Eleanor Oldroyd (born in Bury, Lancashire, 2 June 1962) is a British sports broadcaster with BBC Radio.

Early life
Oldroyd was educated at Oxford High School and Girton College at Cambridge University.

Broadcasting career
Beginning her career in commercial radio, Oldroyd joined BBC Radio Shropshire as a Sports Producer in 1986 before moving to London in 1988.

She worked at Newsbeat and then at BBC Sport,  reporting and presenting on both Radio 5 and 5 Live.

She first hosted the Sunday afternoon sports show in 1993. In 1995, she became the first female presenter of Sports Report (since it started in 1948) when she stood in for Ian Payne.

She is a regular on 5 Live's Fighting Talk – known as the "First Lady of Fighting Talk" – and hosts several weekly 5 Live shows including Saturday Breakfast (with Chris Warburton), the evening 5 Live Sport programme and the Friday Sports Panel.

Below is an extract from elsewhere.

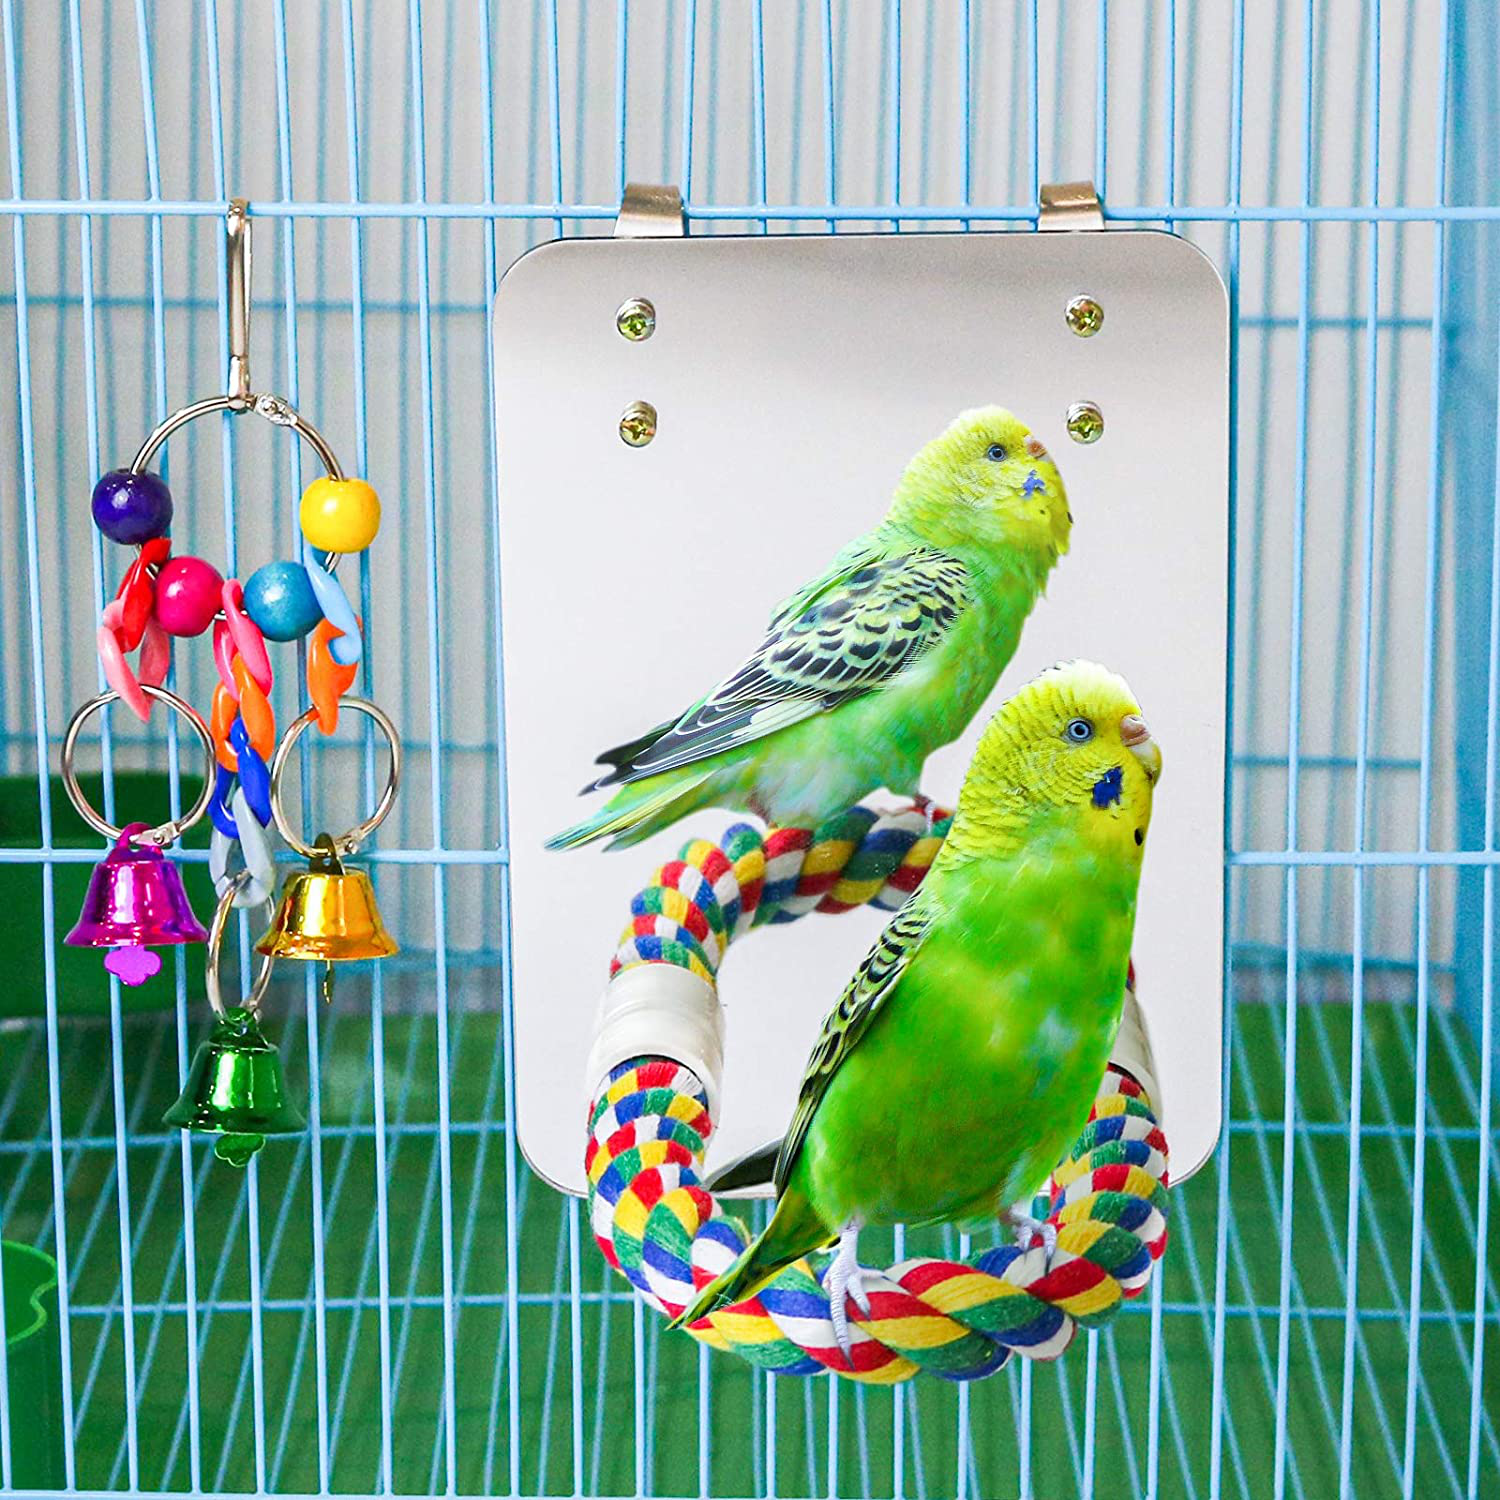 Suruikei 7 Inch Bird Mirror with Rope Perch Cockatiel Mirror Parrot Swing Toys Parrot Cage Toys for Parakeet Cockatoo Cockatiel Conure Lovebirds Finch Canaries

She covers the Wimbledon tennis championships and was part of the Test Match Special team from 2000 to 2005.
 
She led the station's coverage of the 2014 Winter Olympics from Sochi.

She was named the Sports Journalists' Association Broadcast Presenter of the Year for 2014  and 2016 

Following the death of His Royal Highness, Prince Philip, Duke of Edinburgh, she led the coverage of his funeral, sat in a small, specially built studio above the high altar. She was the only reporter or broadcaster present in St Georges Chapel on the day of his funeral.

Personal life
Oldroyd was formerly married to fellow BBC sports presenter Nick Mullins and has two children.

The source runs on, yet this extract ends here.